Methods: Equidistance of the following two measures would prove the validity of our hypothesis: (A) distance between the ilioischial line and the metal cup, measured at the level of the hip center on pelvic radiographs, multiplied by 0.9 to correct for the magnification of the radiograph and (B) distance between the metal cup and line α, which is tangent to the medial acetabular wall with maximum overlap, in the axial CT image at the level of the hip joint center. These two distances were measured for 51 hip joints.

Results: The average distance A was 4.5±2 mm, and the average distance B was 4.7±2.1 mm. The difference between distances A and B was 0.2±0.2 (range, 0–2.6) mm. In >90% of the cases, the cortical bone area of the inner acetabular wall, indicating the location of the ilioischial line, was located posteriorly.

Conclusions: The ilioischial line is located in the bony region where line α intersects with the acetabular medial wall with maximum overlap on axial CT images.

ilioischial line

pelvic radiograph

axial computed tomography

total hip arthroplasty

cup offset

The ilioischial line is very conspicuous on pelvic radiographs and is often used as a landmark. It has been used as a reference line for characteristic hip morphology in coxa profunda [1–3] and proturusio acetabli [4–6]. Preoperative planning of total hip arthroplasty (THA) with pelvic radiographs is a standard procedure, and the ilioischial line has been suggested as a reference for cup placement [7], probably because it is recognized as representing a part of the acetabular medial wall [8, 9]. However, no report has shown in detail where the bony region indicated by the ilioischial line is located on axial computed tomography (CT) images.

Previous studies created a two-dimensional (2D) template on radiographs before THA and used preoperative pelvic CT images to confirm cup size and combined anteversion [10, 11]. The cup size is determined by the anteroposterior (AP) width of the acetabulum, measured at the level of the femoral head center within the anatomical hip center on CT images (Fig. 1). When a cup with an appropriate size is placed on the anterior and posterior walls on the axial CT in preoperative simulation, the distance between the cup and ilioischial line can be measured if the bony area showing the ilioischial line in the CT is known (Fig. 1), and the distance from the ilioischial line to the cup can be reflected as the offset position of the cup in the 2D template, as shown in Figure 2.

In this study, we searched the bony region of the ilioischial line on axial CT imaging using postoperative pelvic radiographs and CT images. The distance from the metal cup to the ilioischial line was measured in a supine pelvic radiograph, and the actual distance from the ilioischial line to the metal cup was calculated by considering the magnification rate in the radiograph. If this actual distance and the distance between the metal cup and acetabular medial wall showing the hypothetical ilioischial line on axial CT is equal, we consider that its acetabular medial wall would be the bone region that shows the ilioischial line on CT.

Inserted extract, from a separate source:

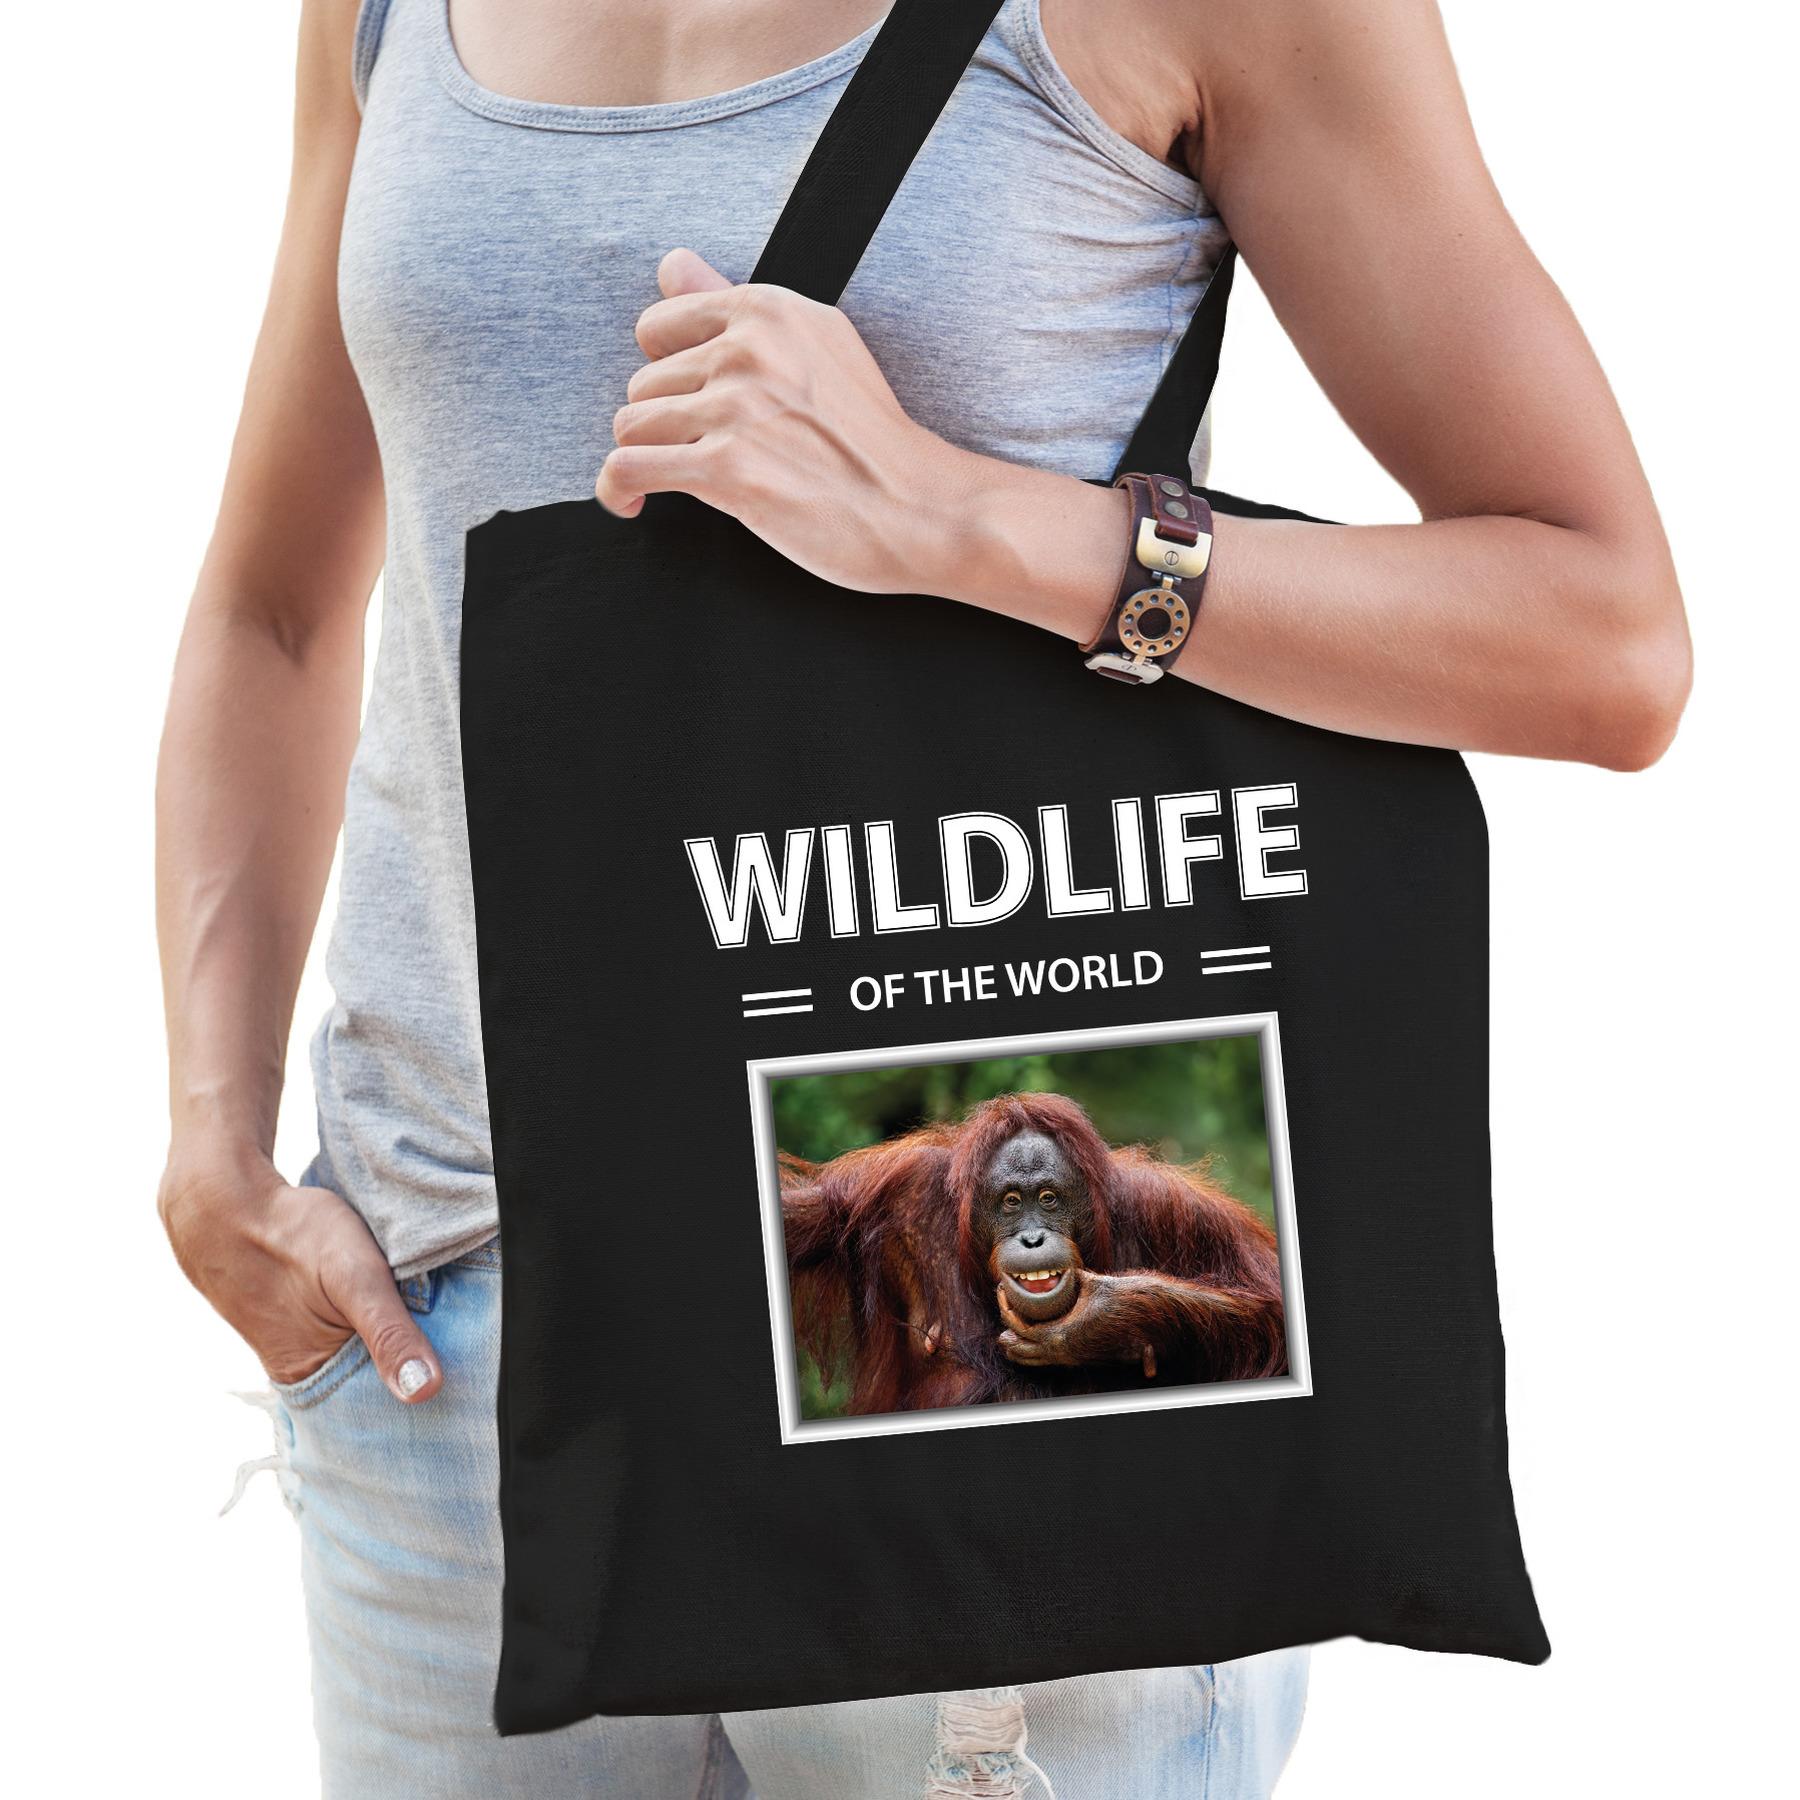 Katoenen tasje Orang oetan apen zwart - wildlife of the world Aap cadeau tas
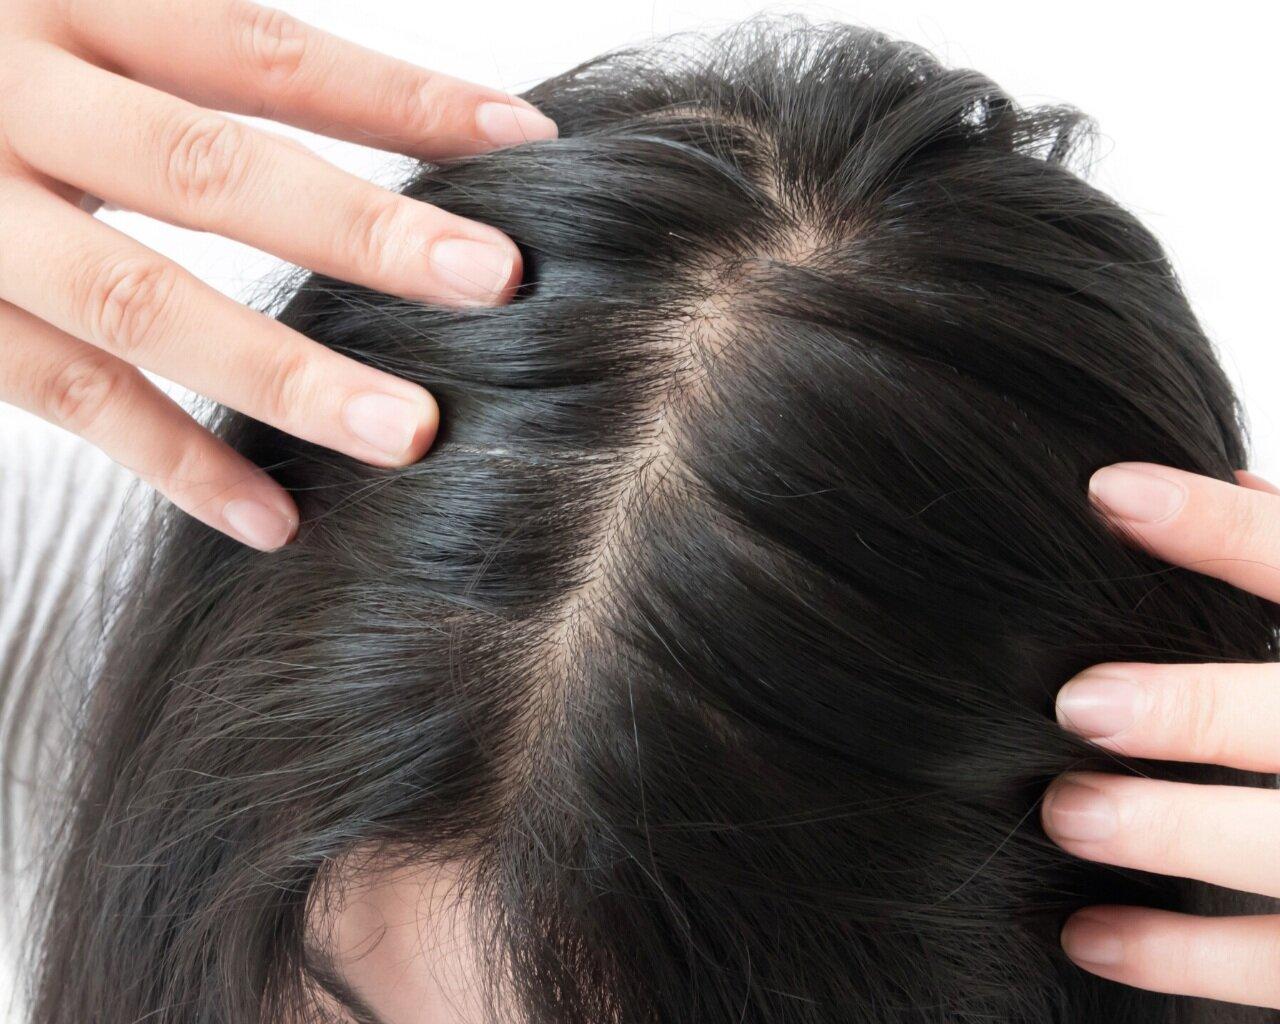 Thin Dry Frizzy Menopause Hair Oh My Lisa Health Blog

This study aimed to validate the hypothesis that the ilioischial line is located in the bony region where the X-ray beamline to the ilioischial line (line α) is tangent to the medial acetabular cortical bone with a maximum overlap in axial CT images.

Study design

This retrospective evaluation of the location of the ilioischial line on plain radiographs and axial CT images was approved by our Institutional Review Board of Nagoya Orthopedic Joint Replacement Clinic (Approval No. 201905002) and written informed consent was obtained from all patients for THA and publication of results.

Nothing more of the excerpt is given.